EXERCISE DESCRIPTION
From the first line to the last, restate the material word for word; pictures stay out.

DATASET CONTENT
= Beginning of Section =

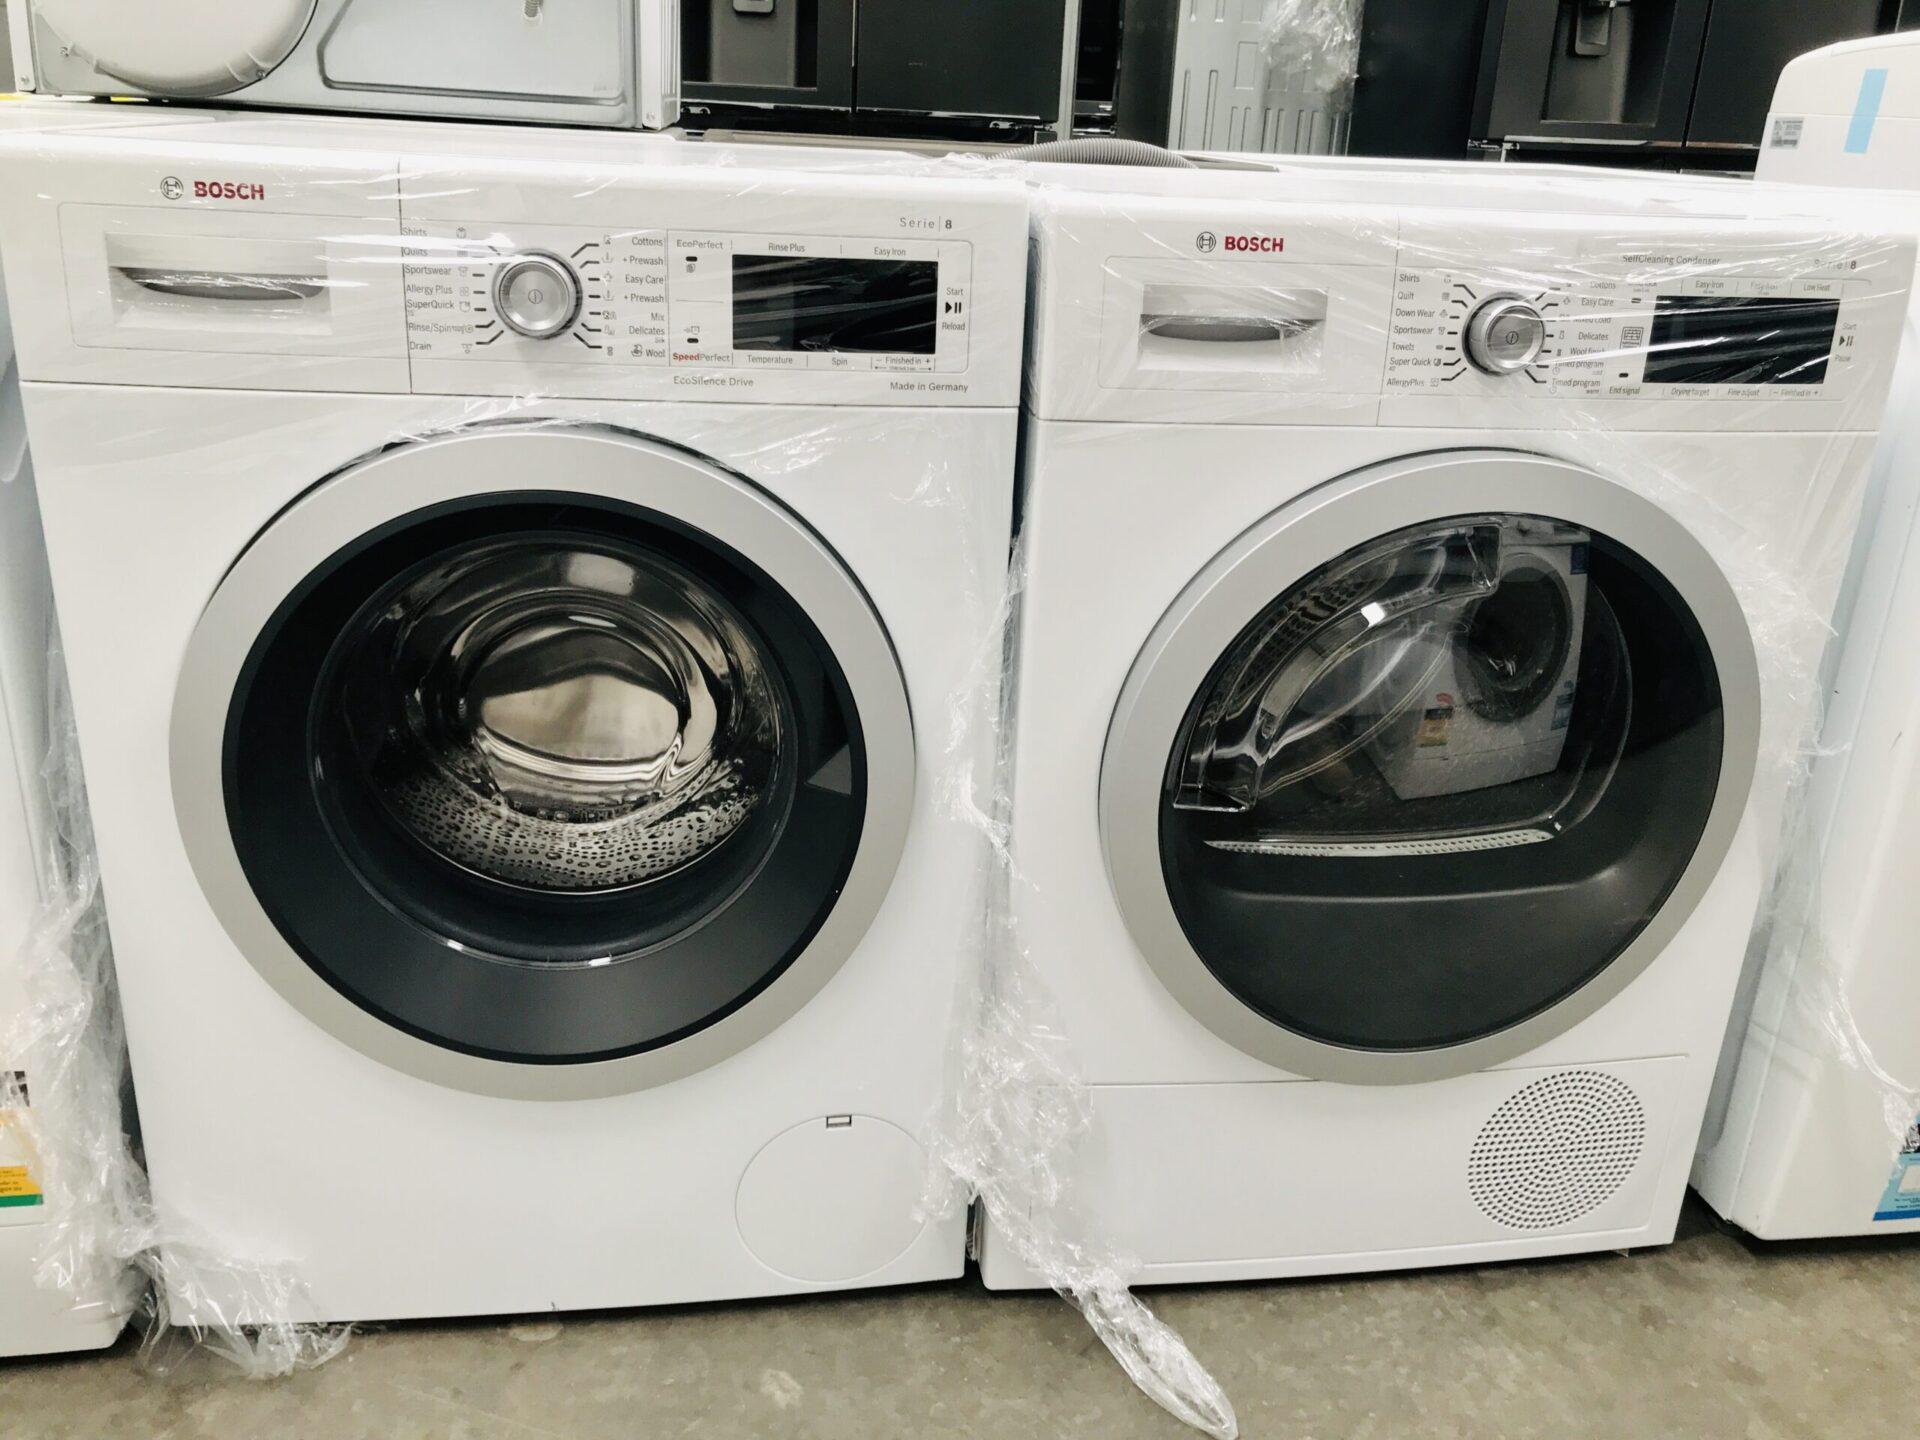 Bosch 8KG  Serie 8  Washing Machine  & Bosch Serie 8 9kg Heat Pump Dryer WAW28460AU  WTW87565AU( German Made)
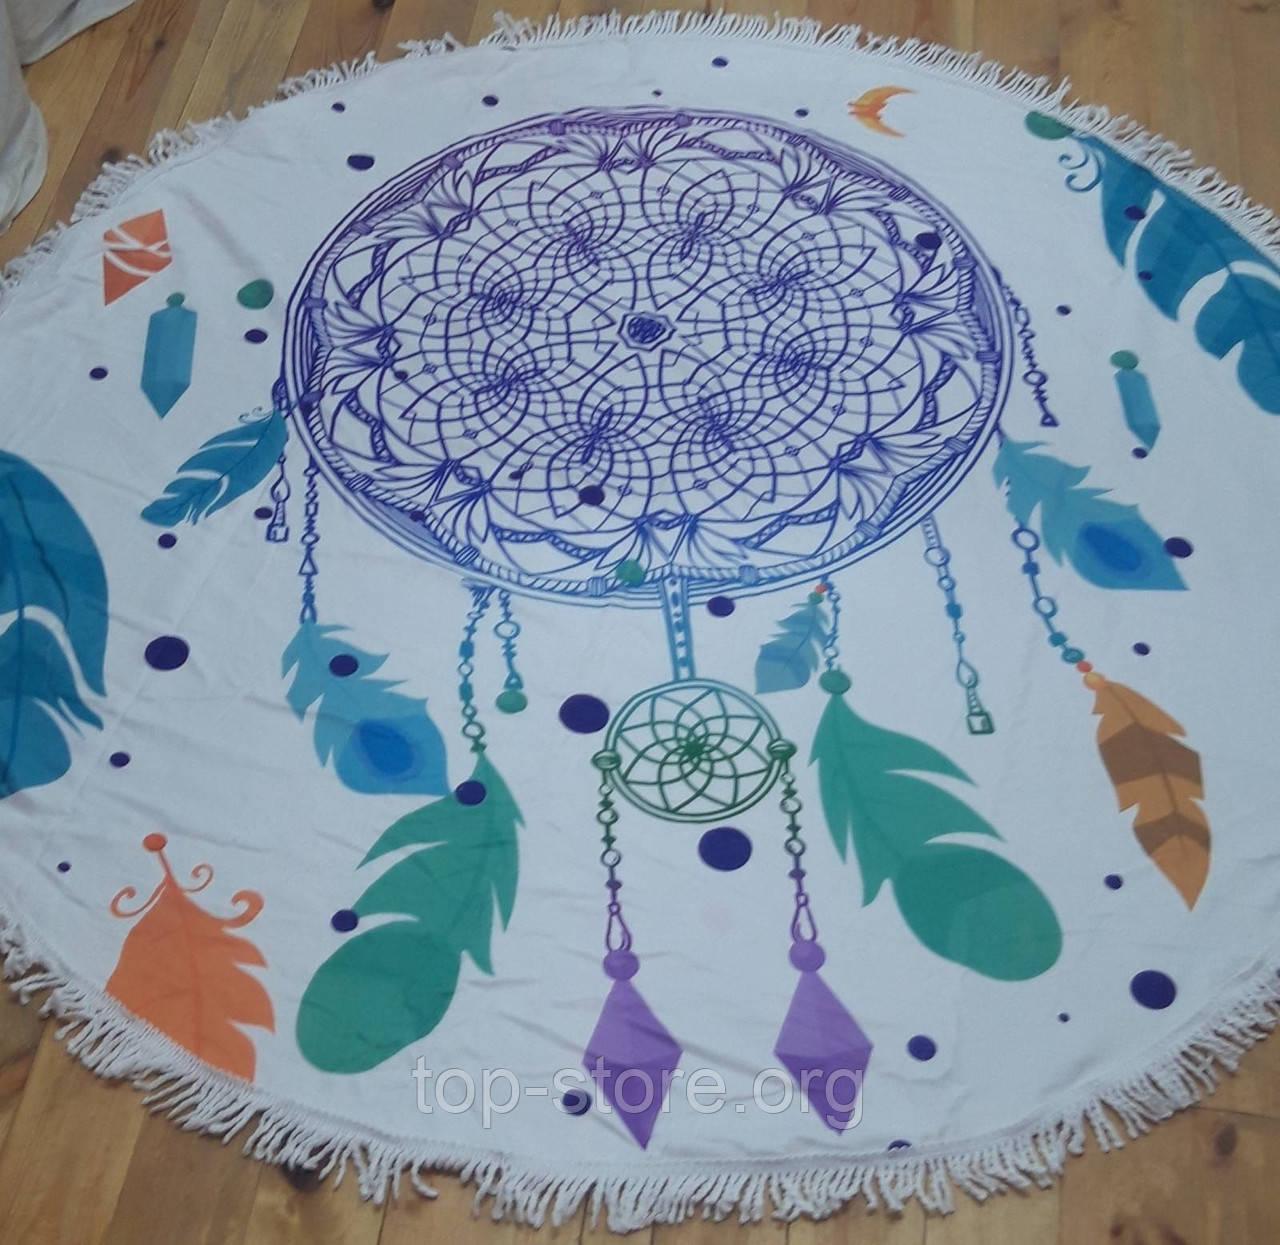 Пляжний килимок рушник  Підстилка на пляж і пікнік Розмір 150*150 см.
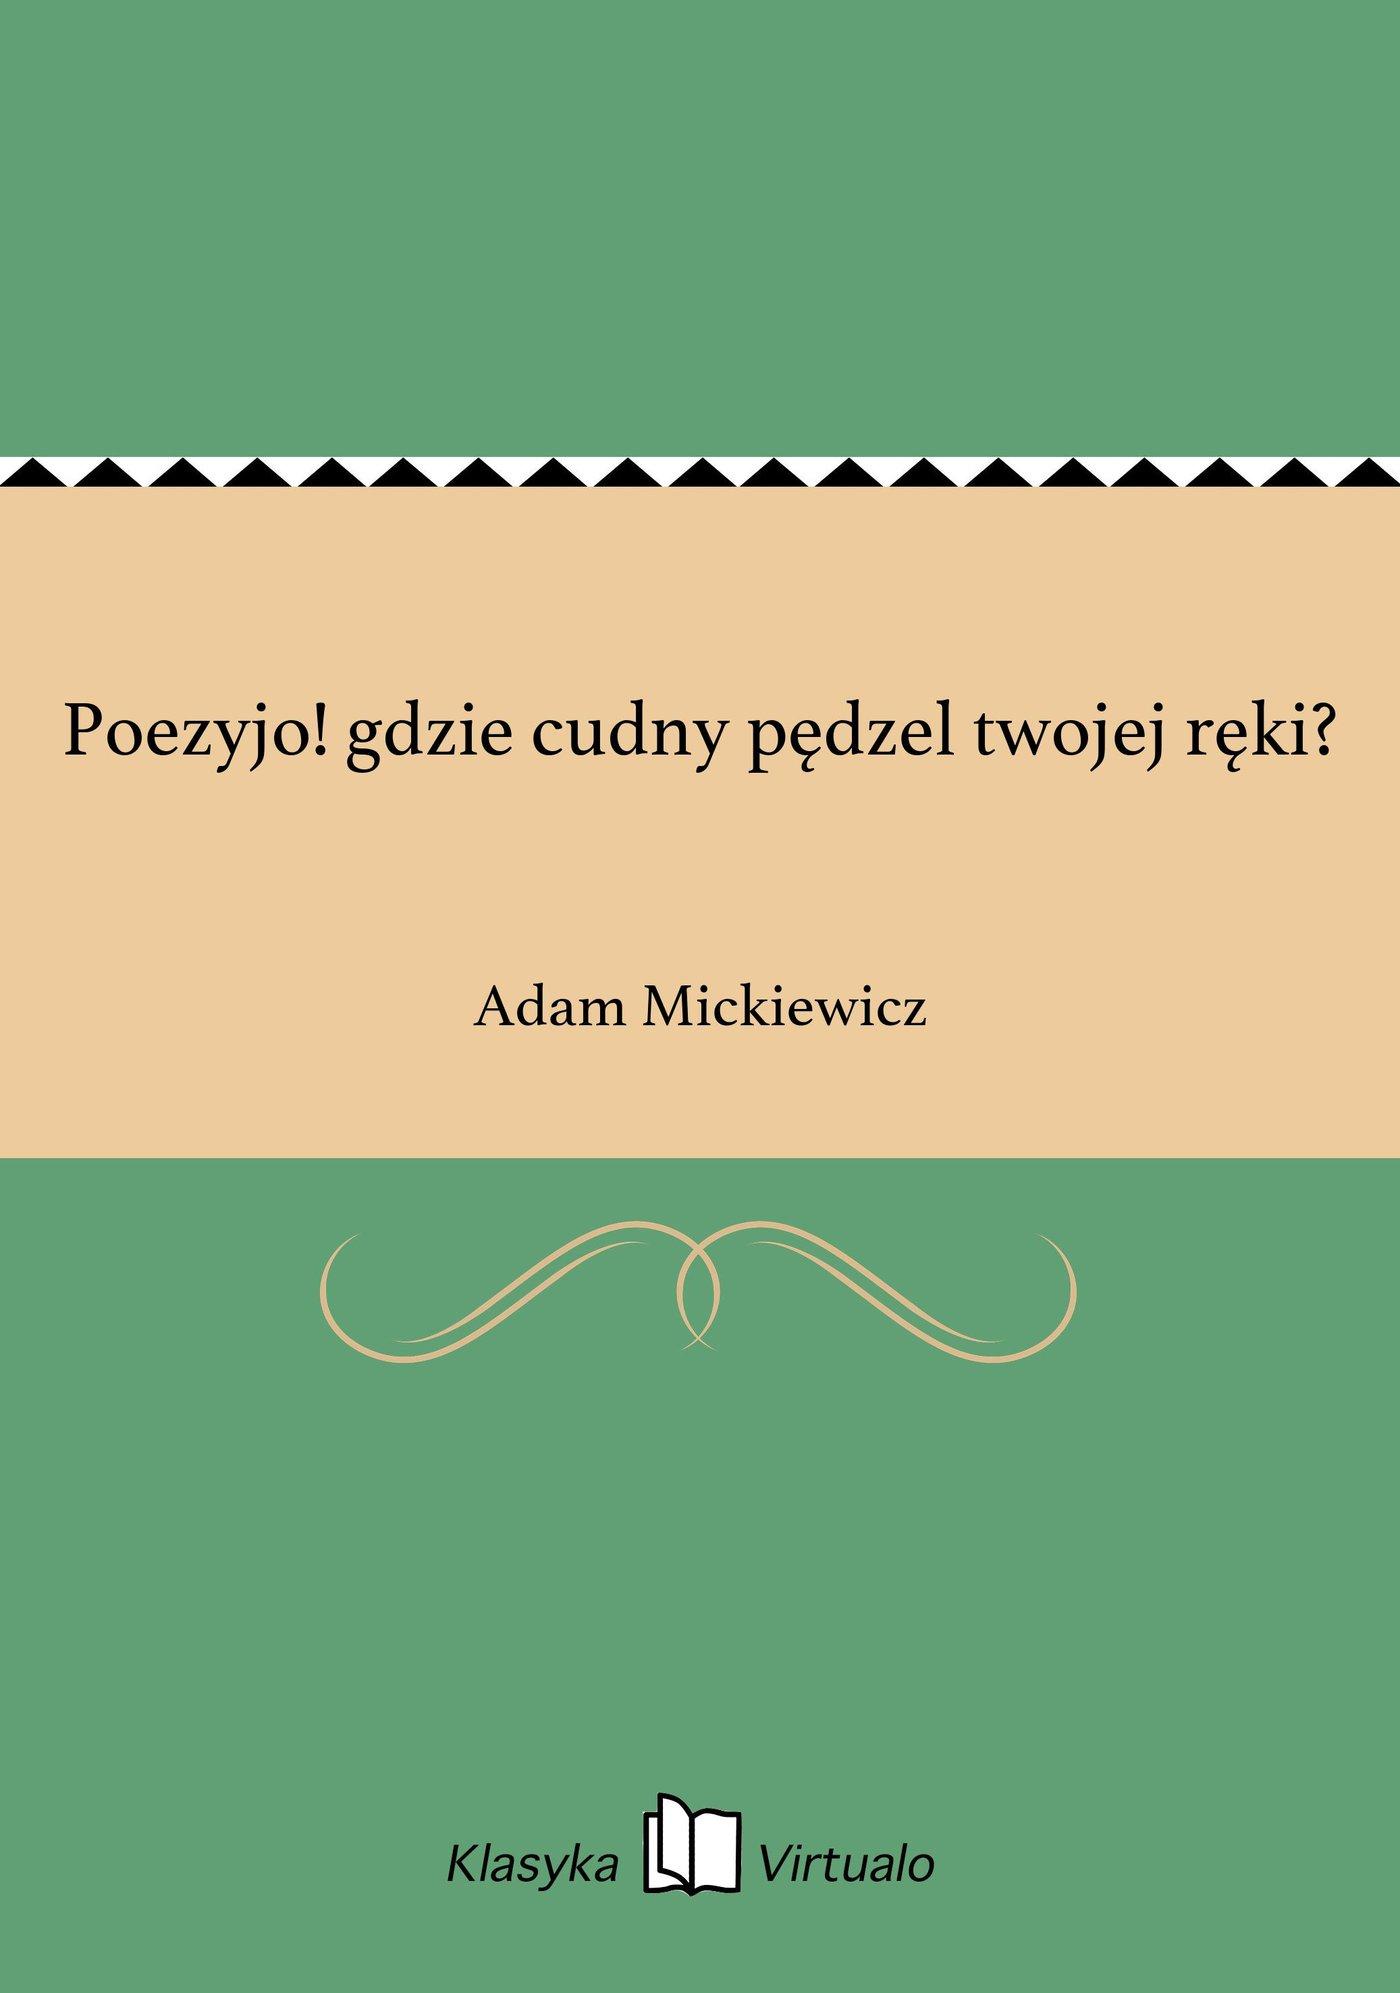 Poezyjo! gdzie cudny pędzel twojej ręki? - Ebook (Książka EPUB) do pobrania w formacie EPUB

= End of Section =

EXERCISE RESPONSE
 Bosch 8KG  Serie 8  Washing Machine  & Bosch Serie 8 9kg Heat Pump Dryer WAW28460AU  WTW87565AU( German Made)
 Пляжний килимок рушник  Підстилка на пляж і пікнік Розмір 150*150 см.
 Poezyjo! gdzie cudny pędzel twojej ręki? - Ebook (Książka EPUB) do pobrania w formacie EPUB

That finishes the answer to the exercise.